ConditionPositionFormSet = modelformset_factory(Condition, ordering=True, fields=())

class OrderConditionsView(FormView):
    form_class = ConditionPositionFormSet

This will result in rewriting all items one by one, which must happen in a transaction, or in the correct order.


Alternatively, we could use a form that just indicates the new position of a given condition, and have that form handle the UPDATE queries: this will result in just two queries instead.

class ConditionPositionForm(forms.ModelForm):
    class Meta:
        model = Condition
        fields = ('position',)


class OrderConditionsView(UpdateView):
    """
    Handle an AJAX request to move one condition to a new position.

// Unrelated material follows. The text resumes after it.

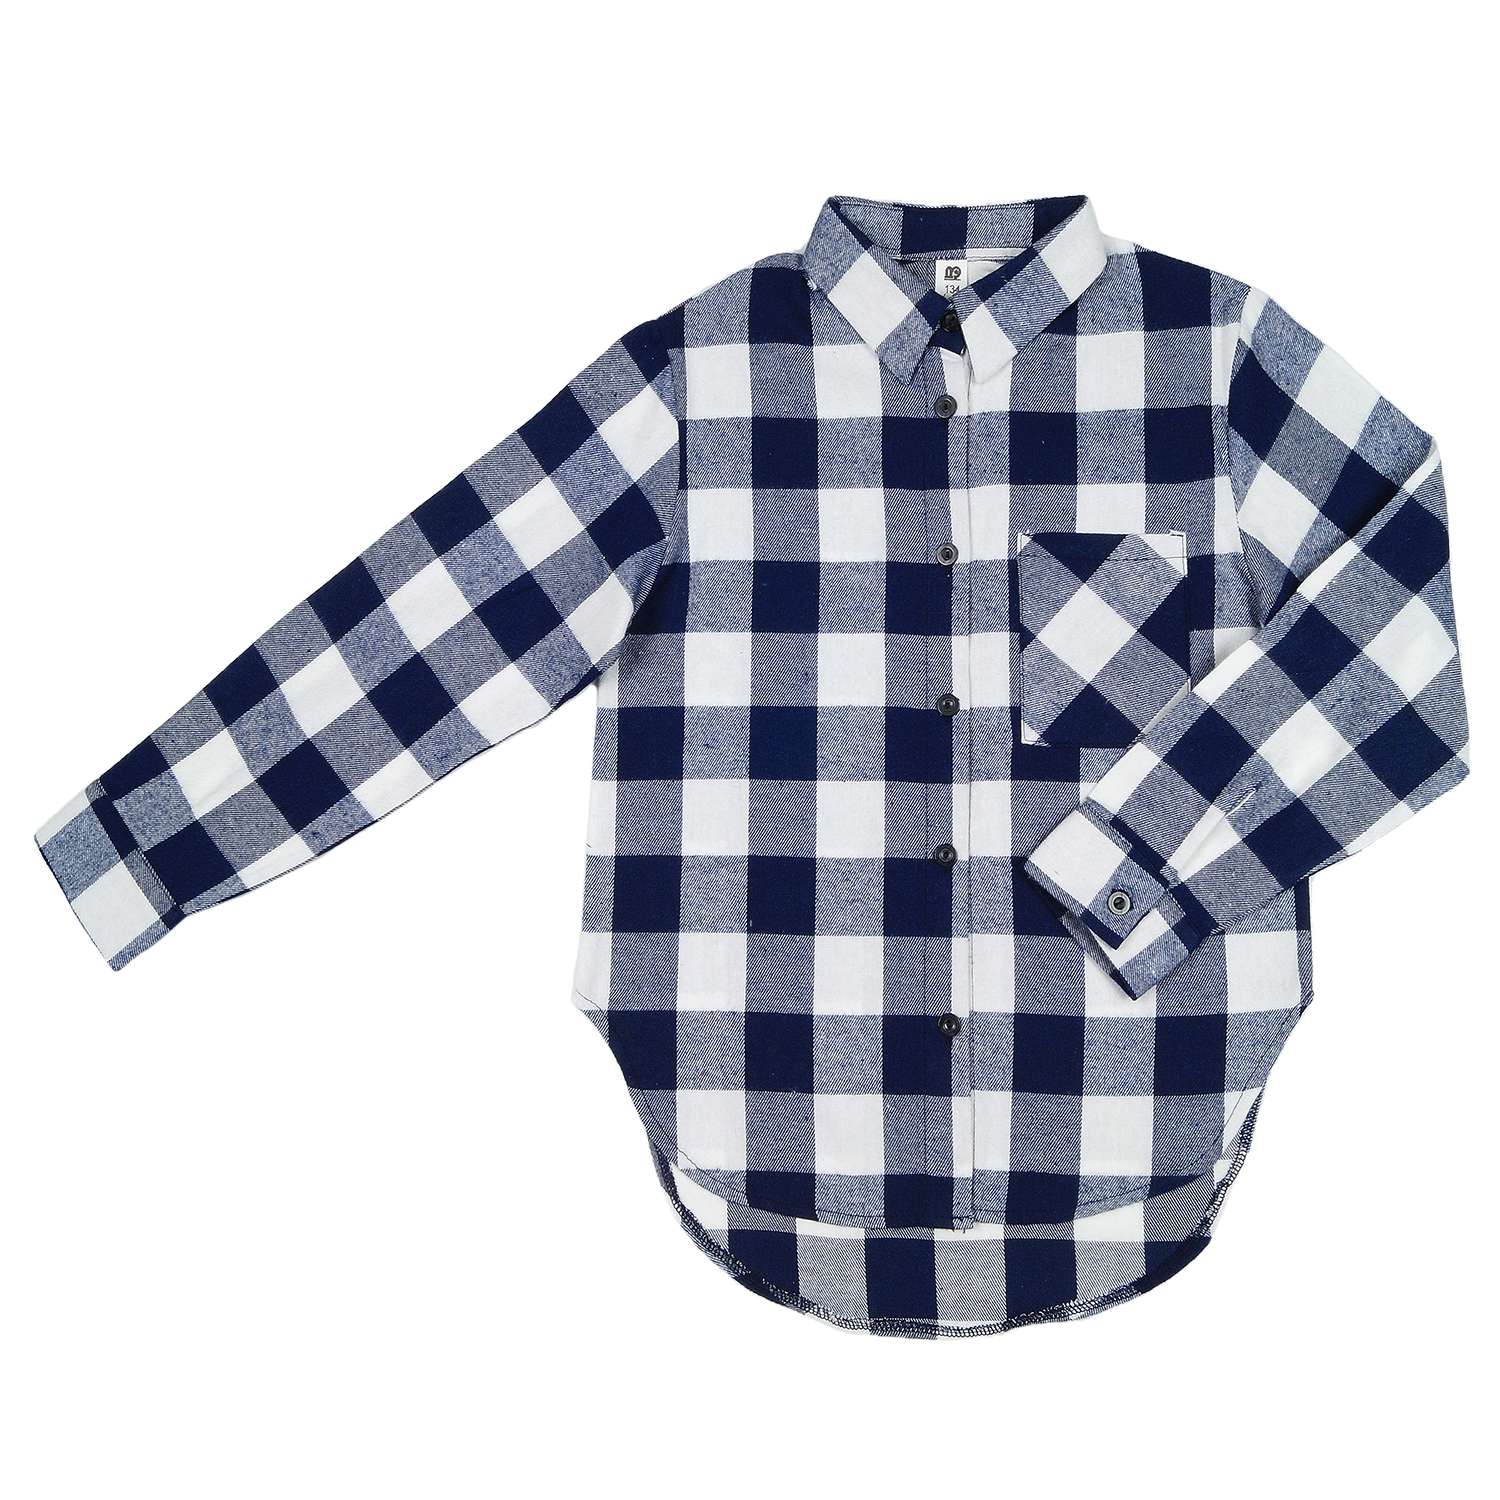 Рубашка Детская Одежда 4101Флн/белый_синий2 - фото 1

    The condition in that position will be moved to the next position, and so on.
    """
    form_class = ConditionPositionForm

    def form_valid(self, form):
        position = form.cleaned_data('position')
        self.get_queryset.filter(position__gte=position)\
                         .exclude(pk=form.instance.pk)\
                         .update(position=F('position') + 1)
        form.save()
        return HttpResponse(json.dumps({'status': 'ok'}))

    def form_invalid(self, form):
      return HttpResponse(json.dumps({
        'status': 'error',
        'message': form.fields['position'].errors,
      }), status_code=409)

    def get_queryset(self):
        return Condition.objects.order_by('position')

# urls.py: simplified

urlpatterns = [
  include('/condition/', [
    path('/condition/<int:pk>/position/', OrderConditionsView.as_view(), name='position'),
    # ...
  ], namespace='condition'),
  # ...
]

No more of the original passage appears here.